I have new period correct tyres, black spokes, and original grips but I'm missing the saddle.

Reading around, there were several options that could have been fitted (especially due to the shortages of parts), but this is the saddle I would most like to find for this bike. Can anyone identify it, and does anyone know where to find a reasonable example?










Is it a Messinger Lightweight N° 50, as suggested in this prewar ad? It doesn't look quite the same.





It can also be seen on this photo of a 1946 Compax from Oldbikes.eu





Although this is my preferred, I would also consider other wartime options, such as this Troxel type from 66TigerCat (sadly sold!).

https://thecabe.com/forum/threads/nice-troxel-saddle.130781/

Thanks for your help,

Best Regards,

Adrian


----------



## HUFFMANBILL (Sep 29, 2018)

I am curious.  How did you determine that because this bike is a 1943 model with a W prefix serial number, it would not have been fitted with a chain guard or a head badge and that for the same reason the non-folding handle bars are correct?

Regards,
Bill


----------



## Mercian (Sep 30, 2018)

Hi Bill, 

I don't have the full details to hand here, but will try write them up during the week.

As part of the background to this question, do you have any frame numbers/dates for civilian Huffman bikes between 1940 and 1945?

Thanks,

Best Regards,

Adrian


----------



## HUFFMANBILL (Sep 30, 2018)

Huffman civilian bikes between 1940 - 1945 did not have frame numbers ( if you are referring to frame date codes).  My 1942 Huffman women's lightweight ''Victory'' model has a bottom bracket serial number of 74420D and a fork date code of 62, which is June 1942.  This was one of the early ''Victory'' lightweights that came from the factory with the holes drilled for the head badge, however due to wartime restrictions on metals no head badge was ever attached. As time went on and pre-restriction frames were used up the ''Victory'' bikes no longer even had head badge holes.

Looking forward to reading your explanation regarding the 1943 Military compax.

Regards,
Bill


----------



## Mercian (Oct 3, 2018)

Hi Bill,

I'm still writing up a timeline for Victory bikes, but I may not complete by the end of the week (it's a lunchtime hobby, and I will be travelling shortly). I will try, but it may be next week now.

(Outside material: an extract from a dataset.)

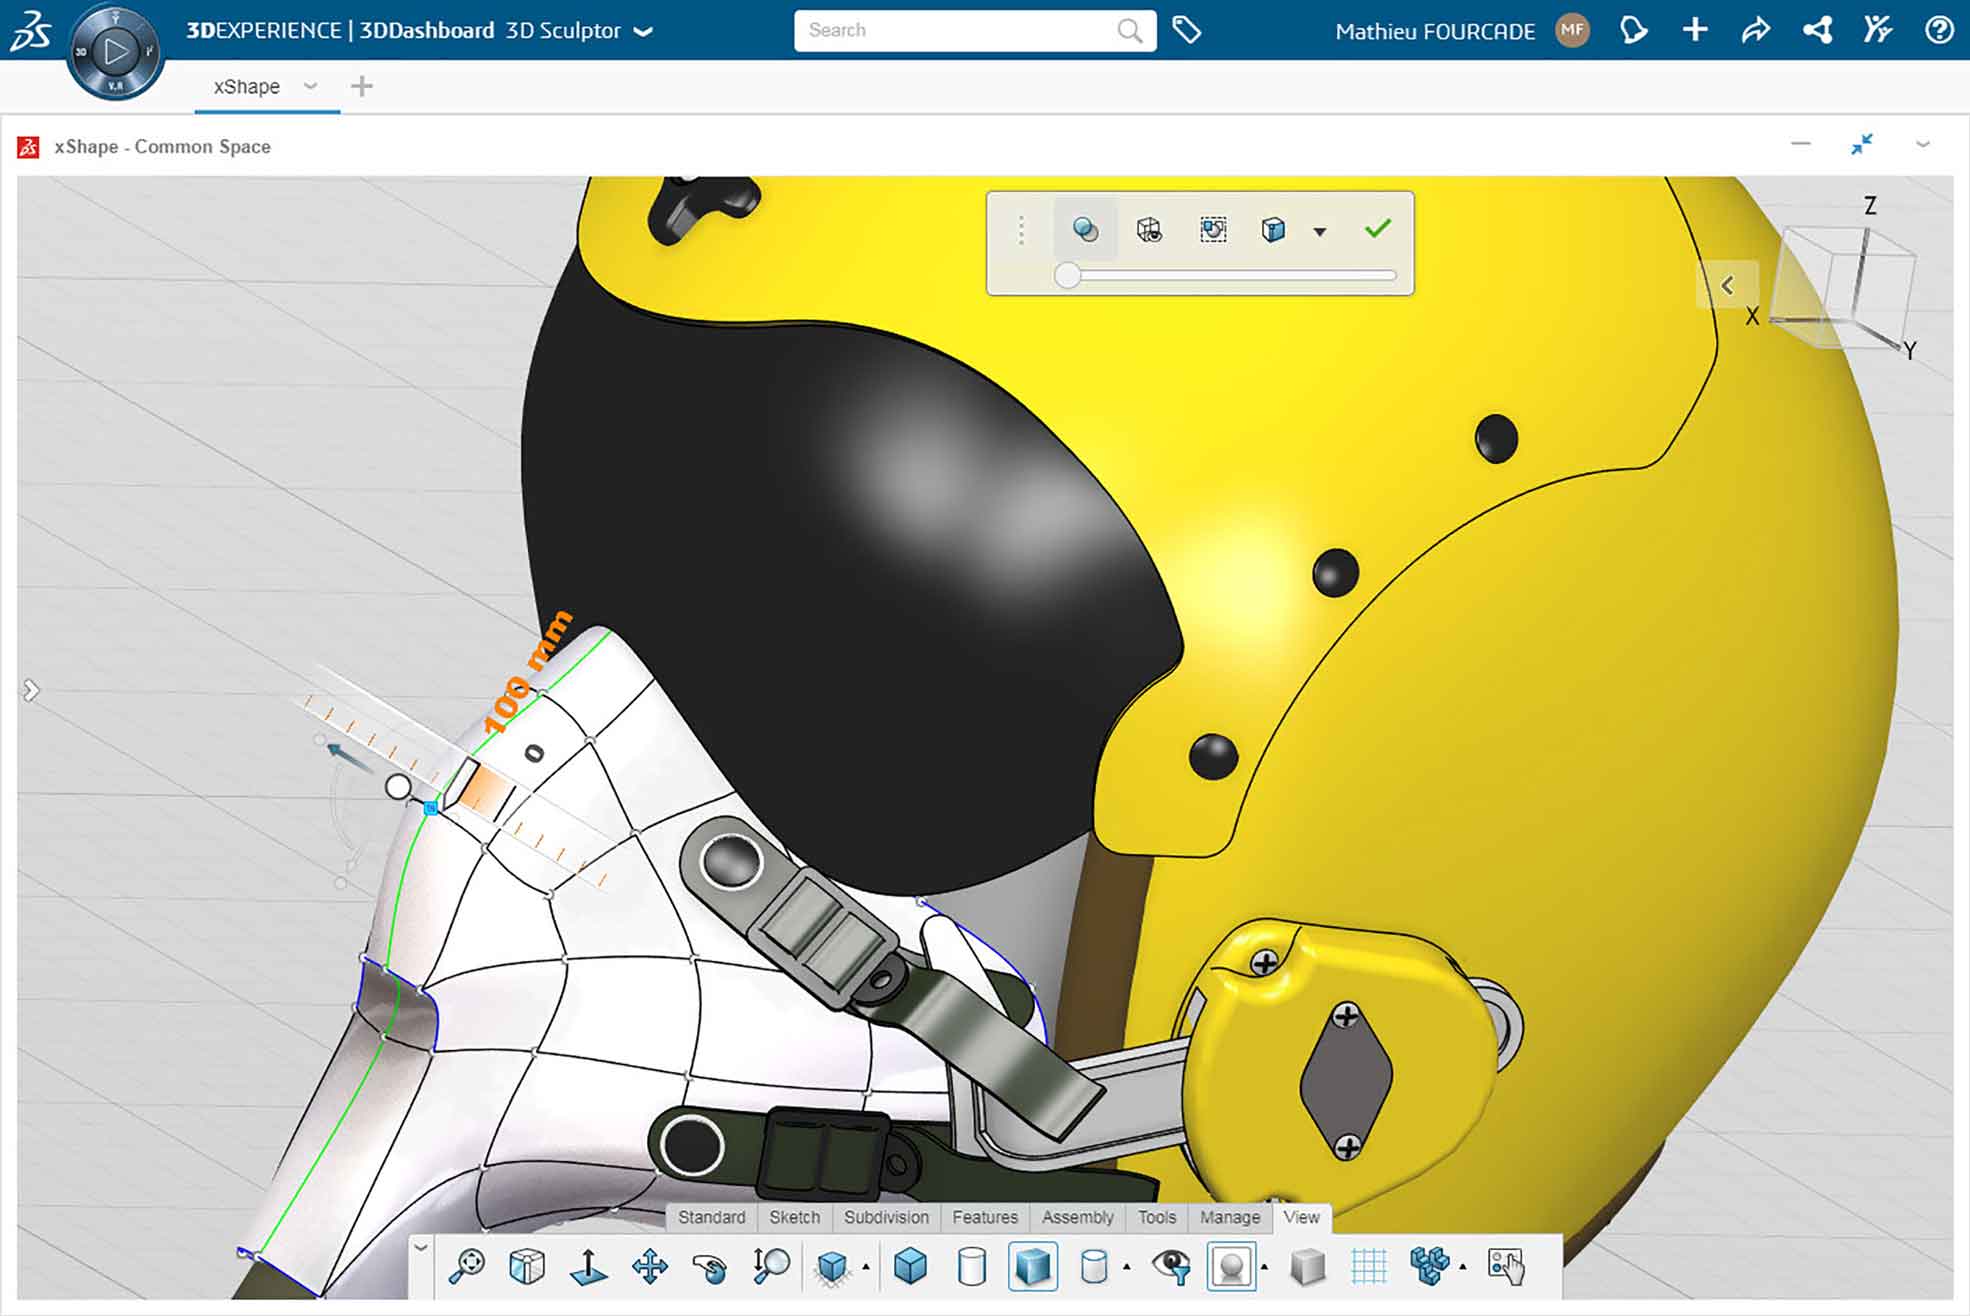 download solidworks 3d experience

Reading around CABE you already know more than most people on the subject, and have some great examples. (-:

Am I right in assuming that the heavy bicycles from  various makers from late 41 to early 42 with a V painted on the mudguard are intervention stock from the period (because they are not strictly 'Victory Bikes'), or was painting a V a patriotic thing by the owner? Or both?

To answer your questions about the fittings on my Compax with the W frame marking: 

The information below was taken from this site (I am trying to trace the original directive).

http://americanhistory.si.edu/collections/search/object/nmah_1313316

The interesting bits here are:

_"In December 1941, the Office of Production Management and leading manufacturers developed specifications for a simplified bicycle dubbed the "Victory bicycle" by government and media. OPM reviewed several prototypes submitted for examination. Regulations finalized in March 1942 specified that bicycles would be lightweight - not more than 31 pounds, about two-thirds the weight of prewar bicycles - and they would be made of steel only, with no copper or nickel parts. Chrome plating was limited to a few small pieces of hardware. Handlebars and wheel rims would be painted instead of chrome plated, and most accessories (chain guard, basket, luggage rack, bell, whitewall tires) were eliminated. Tire size was limited to a width of 1.375 inches, narrower than balloon tires on prewar children's bikes. _

_....In keeping with a War Production Board order, there is no nameplate or other brand identification other than the letter "H" (for Huffman) stamped on the bottom of the crankcase_ ..(of the bicycle in the Museum).. _beside the serial number. In September 1942 the number of authorized Victory bicycle manufacturers was reduced from twelve to two, and the War Production Board decided that "no firm left in a business from which others are excluded shall be permitted to spread its name over the land and in foreign countries" (Wall Street Journal, September 3, 1942)."_

The two authorised makers were Huffman and Westfield. We know Huffman started stamping H, so it makes sense that Westfield start stamping W. There is a disparity because Huffman use H on civilian and G519 bikes, but Westfield only use it on Civilian bikes.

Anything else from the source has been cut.